*** Opening DATA SHOWN ***
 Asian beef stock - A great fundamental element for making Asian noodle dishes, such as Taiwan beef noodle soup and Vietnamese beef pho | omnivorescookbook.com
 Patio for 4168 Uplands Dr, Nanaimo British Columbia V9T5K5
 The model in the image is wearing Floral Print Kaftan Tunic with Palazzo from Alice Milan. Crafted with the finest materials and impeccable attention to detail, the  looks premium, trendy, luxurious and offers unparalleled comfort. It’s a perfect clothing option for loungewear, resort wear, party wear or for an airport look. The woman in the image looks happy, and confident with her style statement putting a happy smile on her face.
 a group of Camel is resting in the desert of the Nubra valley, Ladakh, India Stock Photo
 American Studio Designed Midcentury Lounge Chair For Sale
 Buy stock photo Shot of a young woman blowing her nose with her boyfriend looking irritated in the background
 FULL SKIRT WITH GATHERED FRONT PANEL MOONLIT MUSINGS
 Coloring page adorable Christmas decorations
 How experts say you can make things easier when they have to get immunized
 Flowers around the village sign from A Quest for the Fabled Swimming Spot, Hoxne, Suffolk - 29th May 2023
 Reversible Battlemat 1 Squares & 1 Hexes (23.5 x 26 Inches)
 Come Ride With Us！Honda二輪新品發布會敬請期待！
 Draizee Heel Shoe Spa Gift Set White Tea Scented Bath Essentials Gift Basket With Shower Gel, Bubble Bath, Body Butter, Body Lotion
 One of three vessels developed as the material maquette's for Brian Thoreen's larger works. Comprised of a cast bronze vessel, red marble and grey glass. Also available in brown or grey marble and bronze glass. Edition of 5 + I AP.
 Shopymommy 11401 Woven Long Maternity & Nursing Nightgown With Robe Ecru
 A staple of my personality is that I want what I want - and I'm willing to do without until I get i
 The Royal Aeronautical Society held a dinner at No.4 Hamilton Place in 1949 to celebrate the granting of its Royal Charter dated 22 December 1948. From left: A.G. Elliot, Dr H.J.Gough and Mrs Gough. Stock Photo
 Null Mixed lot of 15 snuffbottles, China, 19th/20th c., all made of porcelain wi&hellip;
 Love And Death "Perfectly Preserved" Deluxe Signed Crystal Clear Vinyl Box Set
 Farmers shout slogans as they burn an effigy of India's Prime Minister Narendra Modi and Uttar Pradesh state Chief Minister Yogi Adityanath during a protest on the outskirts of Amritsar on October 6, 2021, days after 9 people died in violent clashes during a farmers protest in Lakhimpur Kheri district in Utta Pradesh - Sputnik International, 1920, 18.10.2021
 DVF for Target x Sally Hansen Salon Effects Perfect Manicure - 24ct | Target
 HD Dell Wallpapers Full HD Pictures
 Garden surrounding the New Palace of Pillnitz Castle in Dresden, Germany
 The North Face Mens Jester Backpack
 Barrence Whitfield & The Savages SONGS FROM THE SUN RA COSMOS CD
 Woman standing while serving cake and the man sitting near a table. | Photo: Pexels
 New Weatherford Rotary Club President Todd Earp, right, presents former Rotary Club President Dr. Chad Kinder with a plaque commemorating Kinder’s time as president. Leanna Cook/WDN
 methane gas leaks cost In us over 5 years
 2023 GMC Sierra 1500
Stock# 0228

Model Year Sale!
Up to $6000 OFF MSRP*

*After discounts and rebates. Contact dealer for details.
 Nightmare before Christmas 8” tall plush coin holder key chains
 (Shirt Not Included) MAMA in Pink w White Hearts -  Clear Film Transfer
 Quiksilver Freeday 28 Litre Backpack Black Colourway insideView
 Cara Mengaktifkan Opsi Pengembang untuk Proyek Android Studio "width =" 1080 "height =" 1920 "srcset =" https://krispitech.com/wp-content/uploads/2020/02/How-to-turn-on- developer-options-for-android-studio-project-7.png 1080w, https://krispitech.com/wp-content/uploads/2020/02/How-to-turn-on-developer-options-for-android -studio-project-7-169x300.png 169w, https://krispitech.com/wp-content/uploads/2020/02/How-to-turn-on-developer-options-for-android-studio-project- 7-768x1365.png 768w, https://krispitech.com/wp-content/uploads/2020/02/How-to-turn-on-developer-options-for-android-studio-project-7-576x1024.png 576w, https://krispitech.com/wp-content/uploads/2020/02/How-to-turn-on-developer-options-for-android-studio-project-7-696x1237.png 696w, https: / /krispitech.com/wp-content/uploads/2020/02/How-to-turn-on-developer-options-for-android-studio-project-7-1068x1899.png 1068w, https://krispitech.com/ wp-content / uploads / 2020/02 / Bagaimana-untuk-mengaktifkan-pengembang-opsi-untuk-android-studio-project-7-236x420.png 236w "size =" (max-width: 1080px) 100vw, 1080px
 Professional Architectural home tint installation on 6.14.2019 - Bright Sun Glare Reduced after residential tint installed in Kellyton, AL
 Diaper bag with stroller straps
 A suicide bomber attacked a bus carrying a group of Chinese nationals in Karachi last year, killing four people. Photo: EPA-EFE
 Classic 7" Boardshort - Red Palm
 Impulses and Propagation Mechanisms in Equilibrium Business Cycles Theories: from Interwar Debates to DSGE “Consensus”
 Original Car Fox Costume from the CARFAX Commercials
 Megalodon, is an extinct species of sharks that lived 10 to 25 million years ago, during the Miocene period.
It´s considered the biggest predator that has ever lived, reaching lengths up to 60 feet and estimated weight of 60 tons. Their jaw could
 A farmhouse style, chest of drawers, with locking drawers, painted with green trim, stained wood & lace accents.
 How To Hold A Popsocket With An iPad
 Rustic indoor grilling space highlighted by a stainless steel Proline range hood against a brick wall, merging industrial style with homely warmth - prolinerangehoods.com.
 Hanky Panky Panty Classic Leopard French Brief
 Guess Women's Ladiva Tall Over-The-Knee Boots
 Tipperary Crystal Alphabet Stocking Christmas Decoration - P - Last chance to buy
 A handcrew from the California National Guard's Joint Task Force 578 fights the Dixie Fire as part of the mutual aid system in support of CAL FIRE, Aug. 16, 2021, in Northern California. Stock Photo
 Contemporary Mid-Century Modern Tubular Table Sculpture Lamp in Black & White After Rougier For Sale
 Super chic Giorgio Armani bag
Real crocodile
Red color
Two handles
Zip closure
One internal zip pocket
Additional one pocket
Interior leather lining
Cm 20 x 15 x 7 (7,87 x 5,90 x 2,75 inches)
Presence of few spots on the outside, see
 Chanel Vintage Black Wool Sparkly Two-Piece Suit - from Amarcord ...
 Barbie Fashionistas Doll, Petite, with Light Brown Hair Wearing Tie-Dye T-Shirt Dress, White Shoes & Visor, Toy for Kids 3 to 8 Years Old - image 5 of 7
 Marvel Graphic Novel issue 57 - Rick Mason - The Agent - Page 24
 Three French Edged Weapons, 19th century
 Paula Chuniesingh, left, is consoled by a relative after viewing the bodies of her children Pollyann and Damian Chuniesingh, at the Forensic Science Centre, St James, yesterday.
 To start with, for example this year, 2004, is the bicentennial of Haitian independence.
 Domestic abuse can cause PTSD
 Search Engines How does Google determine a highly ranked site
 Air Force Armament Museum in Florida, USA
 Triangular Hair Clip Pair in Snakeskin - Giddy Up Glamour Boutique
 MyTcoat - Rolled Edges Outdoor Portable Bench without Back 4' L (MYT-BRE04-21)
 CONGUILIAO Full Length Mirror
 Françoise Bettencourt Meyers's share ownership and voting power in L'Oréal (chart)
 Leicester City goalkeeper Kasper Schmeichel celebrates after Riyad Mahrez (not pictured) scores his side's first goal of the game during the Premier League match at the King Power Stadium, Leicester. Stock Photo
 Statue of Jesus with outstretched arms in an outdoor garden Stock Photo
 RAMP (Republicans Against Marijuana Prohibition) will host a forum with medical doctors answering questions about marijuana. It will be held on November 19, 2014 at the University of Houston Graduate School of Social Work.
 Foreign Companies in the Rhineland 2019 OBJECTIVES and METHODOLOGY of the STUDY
*** Closing DATA SHOWN ***
Could you please copy the lines above exactly, beginning at the first and ending at the line that contains "Null Mixed lot"?

> _ANSWER_:
 Asian beef stock - A great fundamental element for making Asian noodle dishes, such as Taiwan beef noodle soup and Vietnamese beef pho | omnivorescookbook.com
 Patio for 4168 Uplands Dr, Nanaimo British Columbia V9T5K5
 The model in the image is wearing Floral Print Kaftan Tunic with Palazzo from Alice Milan. Crafted with the finest materials and impeccable attention to detail, the  looks premium, trendy, luxurious and offers unparalleled comfort. It’s a perfect clothing option for loungewear, resort wear, party wear or for an airport look. The woman in the image looks happy, and confident with her style statement putting a happy smile on her face.
 a group of Camel is resting in the desert of the Nubra valley, Ladakh, India Stock Photo
 American Studio Designed Midcentury Lounge Chair For Sale
 Buy stock photo Shot of a young woman blowing her nose with her boyfriend looking irritated in the background
 FULL SKIRT WITH GATHERED FRONT PANEL MOONLIT MUSINGS
 Coloring page adorable Christmas decorations
 How experts say you can make things easier when they have to get immunized
 Flowers around the village sign from A Quest for the Fabled Swimming Spot, Hoxne, Suffolk - 29th May 2023
 Reversible Battlemat 1 Squares & 1 Hexes (23.5 x 26 Inches)
 Come Ride With Us！Honda二輪新品發布會敬請期待！
 Draizee Heel Shoe Spa Gift Set White Tea Scented Bath Essentials Gift Basket With Shower Gel, Bubble Bath, Body Butter, Body Lotion
 One of three vessels developed as the material maquette's for Brian Thoreen's larger works. Comprised of a cast bronze vessel, red marble and grey glass. Also available in brown or grey marble and bronze glass. Edition of 5 + I AP.
 Shopymommy 11401 Woven Long Maternity & Nursing Nightgown With Robe Ecru
 A staple of my personality is that I want what I want - and I'm willing to do without until I get i
 The Royal Aeronautical Society held a dinner at No.4 Hamilton Place in 1949 to celebrate the granting of its Royal Charter dated 22 December 1948. From left: A.G. Elliot, Dr H.J.Gough and Mrs Gough. Stock Photo
 Null Mixed lot of 15 snuffbottles, China, 19th/20th c., all made of porcelain wi&hellip;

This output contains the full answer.